Exercise requirements: Nothing outside the stretch is wanted. Repeat exactly the lines of the listing below from the one that contains "furniture good looking" through the one that contains "Man lifting weights", both ends included.

Data section:
▬▬▬▬▬▬

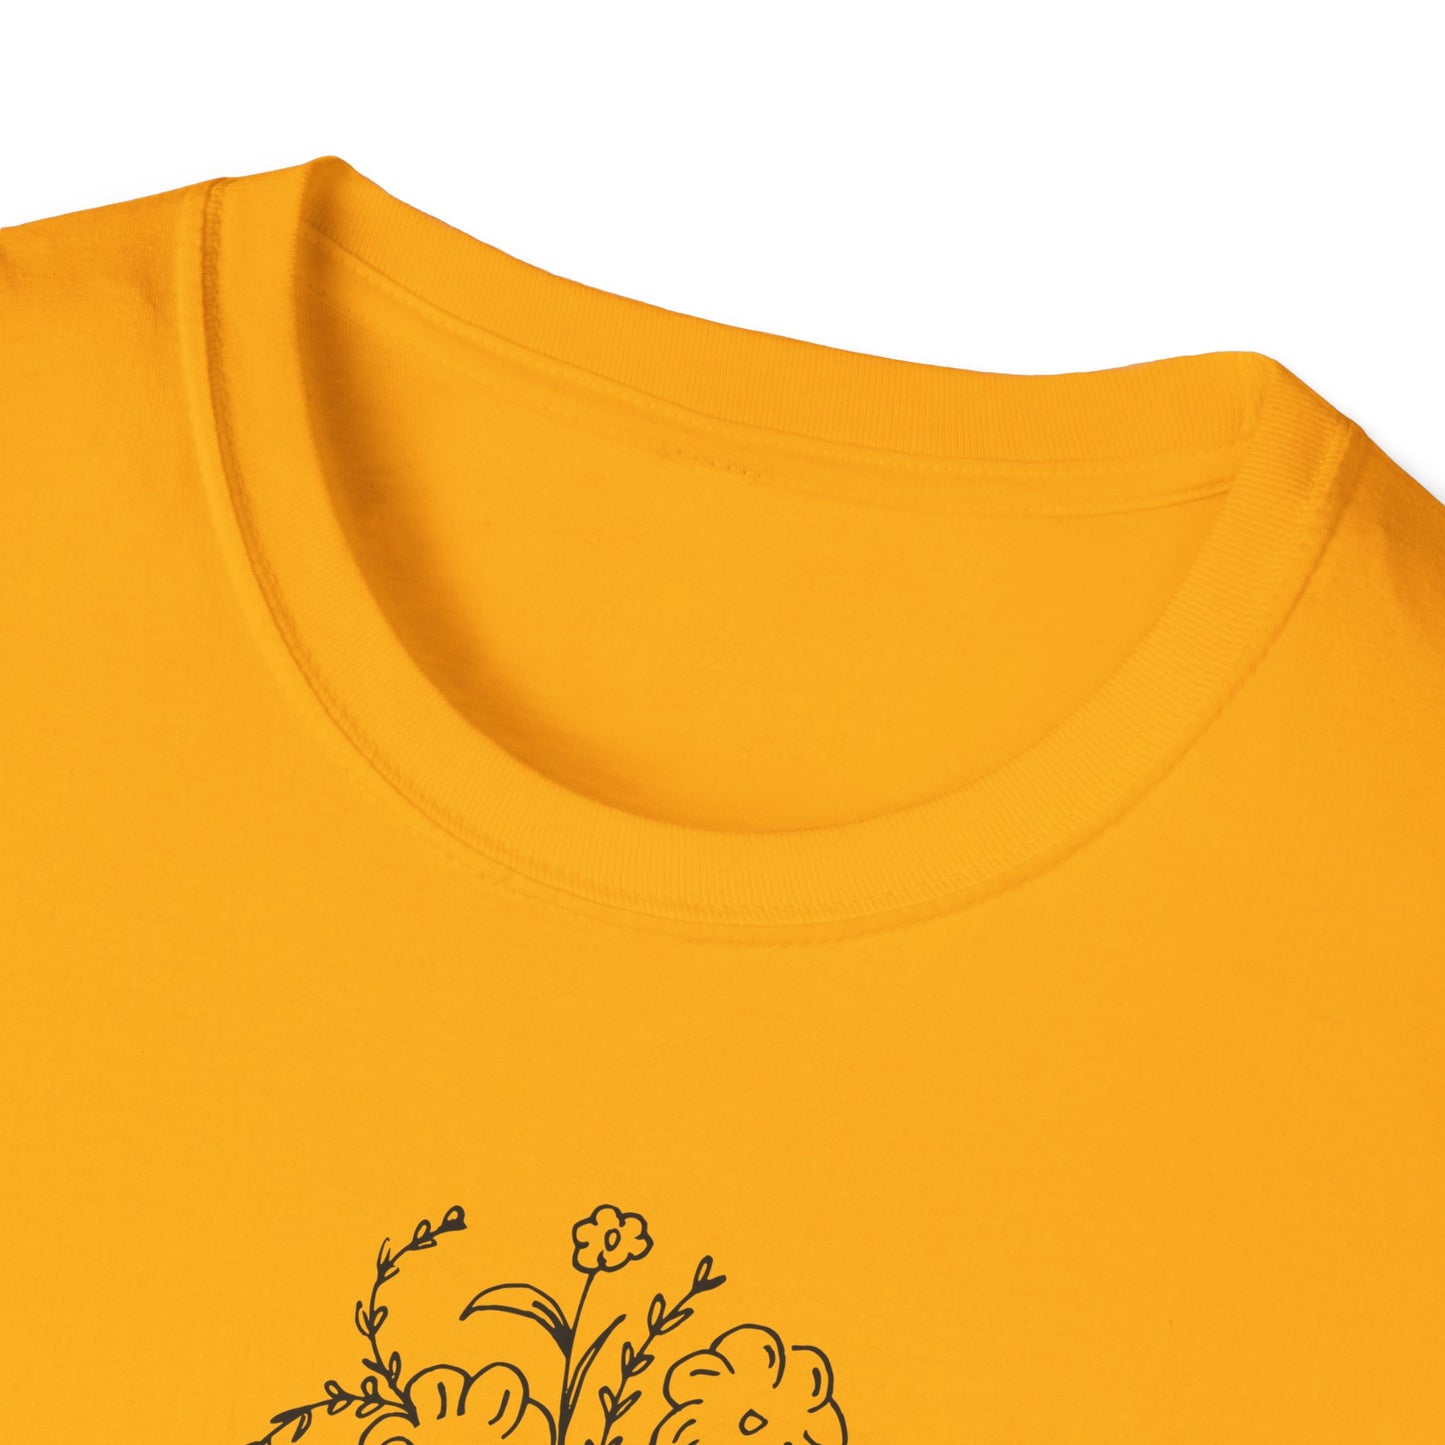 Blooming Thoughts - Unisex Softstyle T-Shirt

▬▬▬▬▬▬

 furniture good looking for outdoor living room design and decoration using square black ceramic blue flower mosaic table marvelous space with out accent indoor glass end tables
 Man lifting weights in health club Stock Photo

▬▬▬▬▬▬

Result below:
 furniture good looking for outdoor living room design and decoration using square black ceramic blue flower mosaic table marvelous space with out accent indoor glass end tables
 Man lifting weights in health club Stock Photo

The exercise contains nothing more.